Requires-Dist: torch (>=1.2.0,!=2.3.0)
Requires-Dist: torchvision (>=0.18.0)
Requires-Dist: tqdm (>=4.0.0,<5.0.0)
Requires-Dist: typing_extensions (>=4.0.0)
Description-Content-Type: text/markdown

# Datamint Python API

![Build Status](https://github.com/SonanceAI/datamint-python-api/actions/workflows/run_test.yaml/badge.svg)
[![Python 3.10+](https://img.shields.io/badge/python-3.10+-blue.svg)](https://www.python.org/downloads/)

A comprehensive Python SDK for interacting with the Datamint platform, providing seamless integration for medical imaging workflows, dataset management, and machine learning experiments.

## 📋 Table of Contents

- [Features](#-features)
- [Installation](#-installation)
- [Quick Setup](#-setup-api-key)
- [Documentation](#-documentation)
- [Command Line Tools](#️-command-line-tools)
- [Support](#-support)

## 🚀 Features

- **Dataset Management**: Download, upload, and manage medical imaging datasets
- **Annotation Tools**: Create, upload, and manage annotations (segmentations, labels, measurements)
- **Experiment Tracking**: Integrated MLflow support for experiment management
- **PyTorch Lightning Integration**: Streamlined ML workflows with Lightning DataModules and callbacks
- **DICOM Support**: Native handling of DICOM files with anonymization capabilities
- **Multi-format Support**: PNG, JPEG, NIfTI, and other medical imaging formats

See the full documentation at https://sonanceai.github.io/datamint-python-api/

## 📦 Installation

> [!NOTE]
> We recommend using a virtual environment to avoid package conflicts.

### From PyPI

`pip install -U datamint`

### Virtual Environment Setup

<details>
<summary>Click to expand virtual environment setup instructions</summary>

We recommend that you install Datamint in a dedicated virtual environment, to avoid conflicting with your system packages.
For instance, create the enviroment once with `python3 -m venv datamint-env` and then activate it whenever you need it with:

1. **Create the environment** (one-time setup):
   ```bash
   python3 -m venv datamint-env
   ```

2. **Activate the environment** (run whenever you need it):
   
   | Platform | Command |
   |----------|---------|
   | Linux/macOS | `source datamint-env/bin/activate` |
   | Windows CMD | `datamint-env\Scripts\activate.bat` |
   | Windows PowerShell | `datamint-env\Scripts\Activate.ps1` |

3. **Install the package**:
   ```bash
   pip install datamint
   ```

</details>

## ⚙ Setup API key

To use the Datamint API, you need to setup your API key (ask your administrator if you don't have one).
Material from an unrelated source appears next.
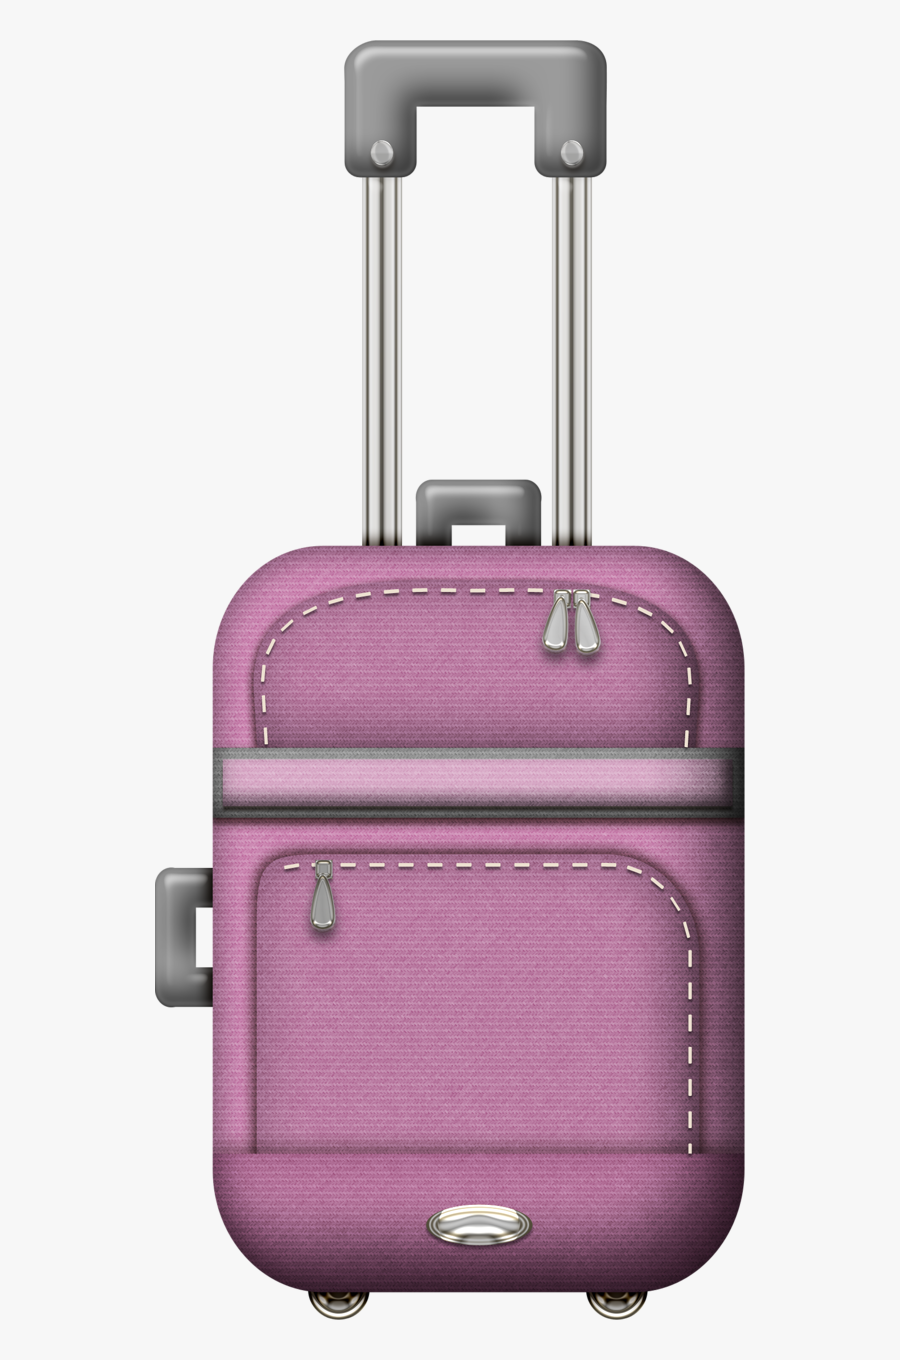 Luggage Clipart Purple - Trippingout Fotki Yandex Digi, Transparent Clipart

Use one of the following methods to setup your API key:

### Method 1: Command-line tool (recommended)

Run ``datamint-config`` in the terminal and follow the instructions. See [command_line_tools](https://sonanceai.github.io/datamint-python-api/command_line_tools.html#configuring-the-datamint-settings) for more details.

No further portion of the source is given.